EyePoint Pharmaceuticals’ Yutiq for Posterior Segment Uveitis to be Presented at the 2018 ARVO Annual Meeting

EyePoint Pharmaceuticals announced that two abstracts supporting the company’s Yutiq (fluocinolone acetonide intravitreal implant) 0.18 mg 3-year micro-insert for noninfectious posterior segment uveitis have been accepted for presentation at the Association for Research in Vision and Ophthalmology (ARVO) 2018 Annual Meeting being held in Honolulu, Hawaii, from April 29 – May 3, 2018.

• The abstract accepted for a paper presentation is titled “Safety and Efficacy of an intravitreal 0.18 mg fluocinolone acetonide insert (FAi) for the treatment of non-infectious posterior segment uveitis (NIPU) – pooled results of two phase 3 trials”. The data will be presented by Eric Suhler, M.D., Casey Eye Institute-OHSU and VA Portland HCS, Portland, Oregon, during the session titled: “Advances in Clinical Therapeutics for Uveitis” on Thursday, May 3, 2018, from 12:00 p.m. to 12:15 p.m. HST.

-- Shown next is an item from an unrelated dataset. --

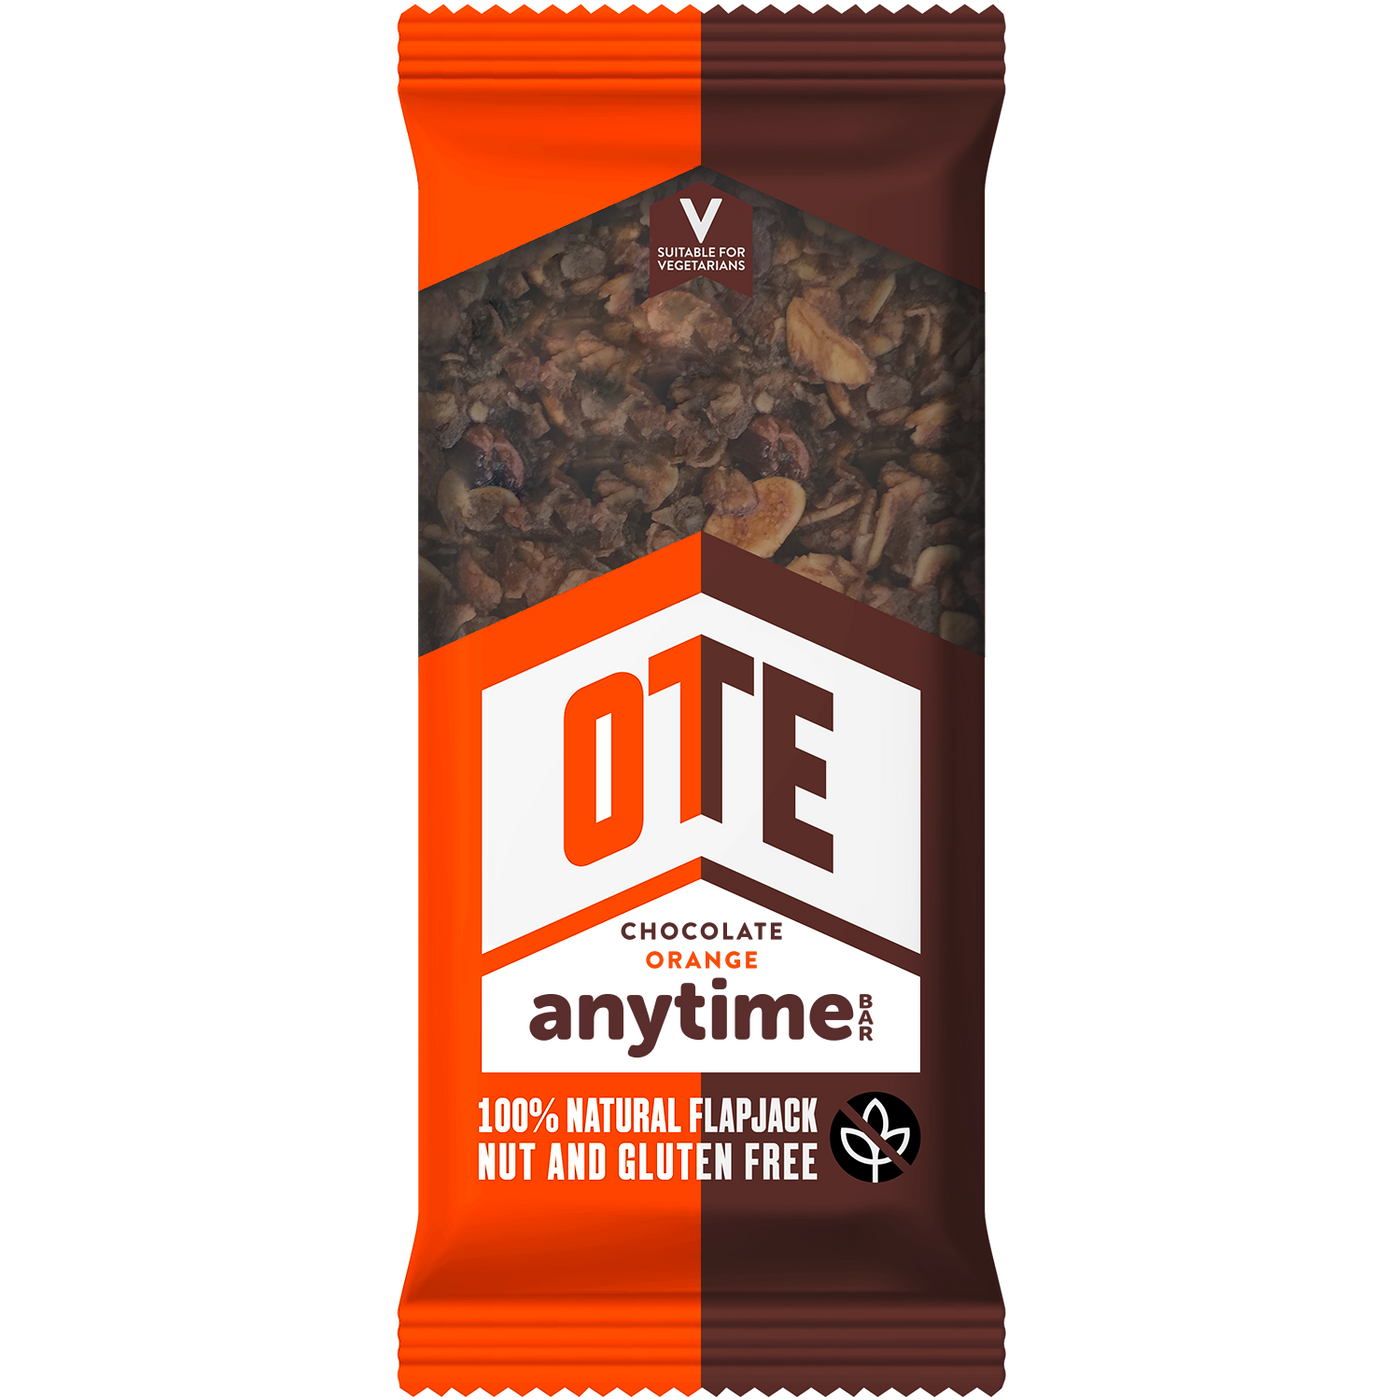 OTE Anytime Bar - Chocolate Orange

• The abstract accepted for a poster presentation is titled “Controlling Posterior Segment Uveitic Recurrences: Results from a Phase 3 Study of 0.18 mg fluocinolone acetonide insert (FAi) in subjects with chronic non-infectious uveitis affecting the posterior segment”. The data will be presented by Quan Nguyen, M.D., Byers Eye Institute, Stanford University, Palo Alto, California, during the session titled “Uveitis and Scleritis: Therapeutics” on Sunday, April 29, 2018, from 1:00 p.m. to 2:45 p.m. HST.

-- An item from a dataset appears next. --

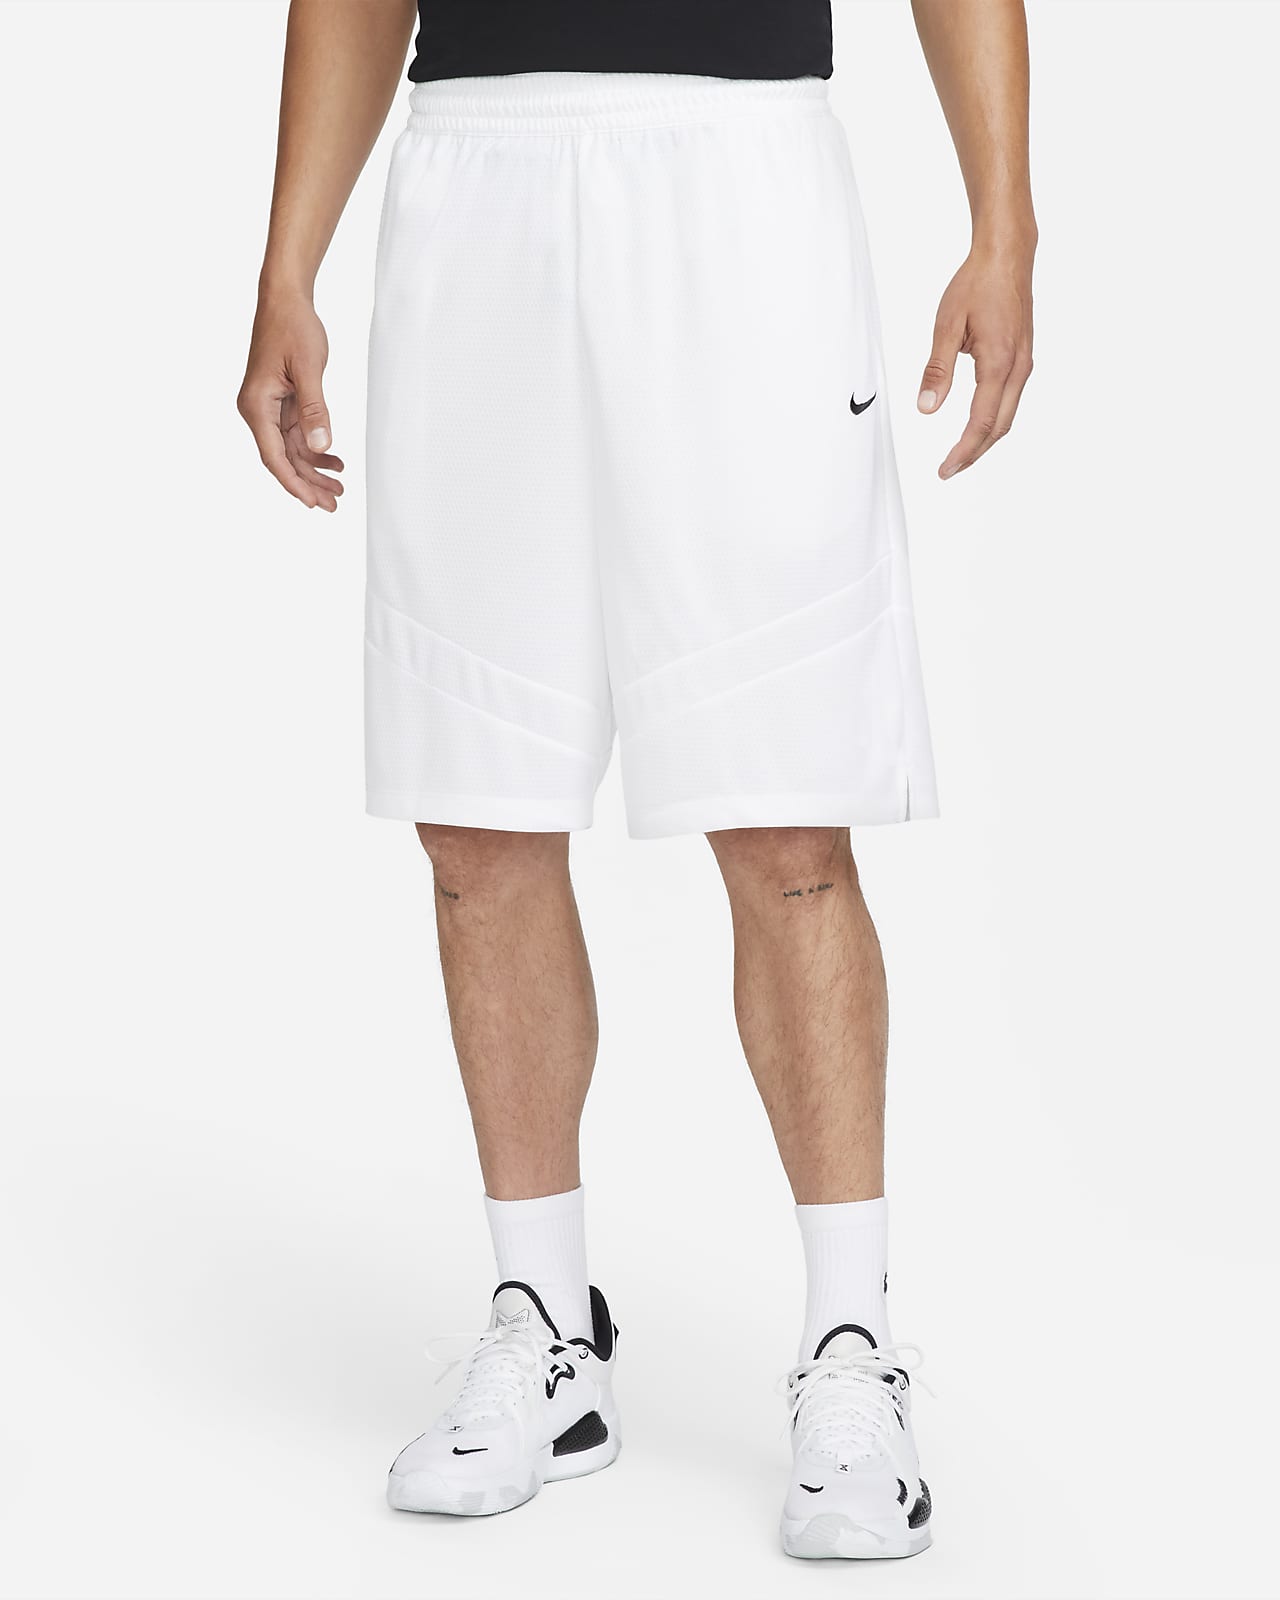 Ανδρικό σορτς μπάσκετ Dri-FIT Nike Icon 28 cm

“ARVO is one of the most important ophthalmology conferences of the year and we are extremely pleased that data from our Yutiq phase 3 studies has been selected for presentations at ARVO and we look forward to sharing the data with retinal and uveitis specialists,” commented Nancy Lurker, President and Chief Executive Officer. “Our NDA for Yutiq for the treatment of noninfectious posterior segment uveitis is currently under review by the FDA with a PDUFA date of November 5, 2018. We believe that, if approved, Yutiq has the potential to become an important new treatment option for the thousands of patients suffering from this disease, which is the third leading cause of blindness.”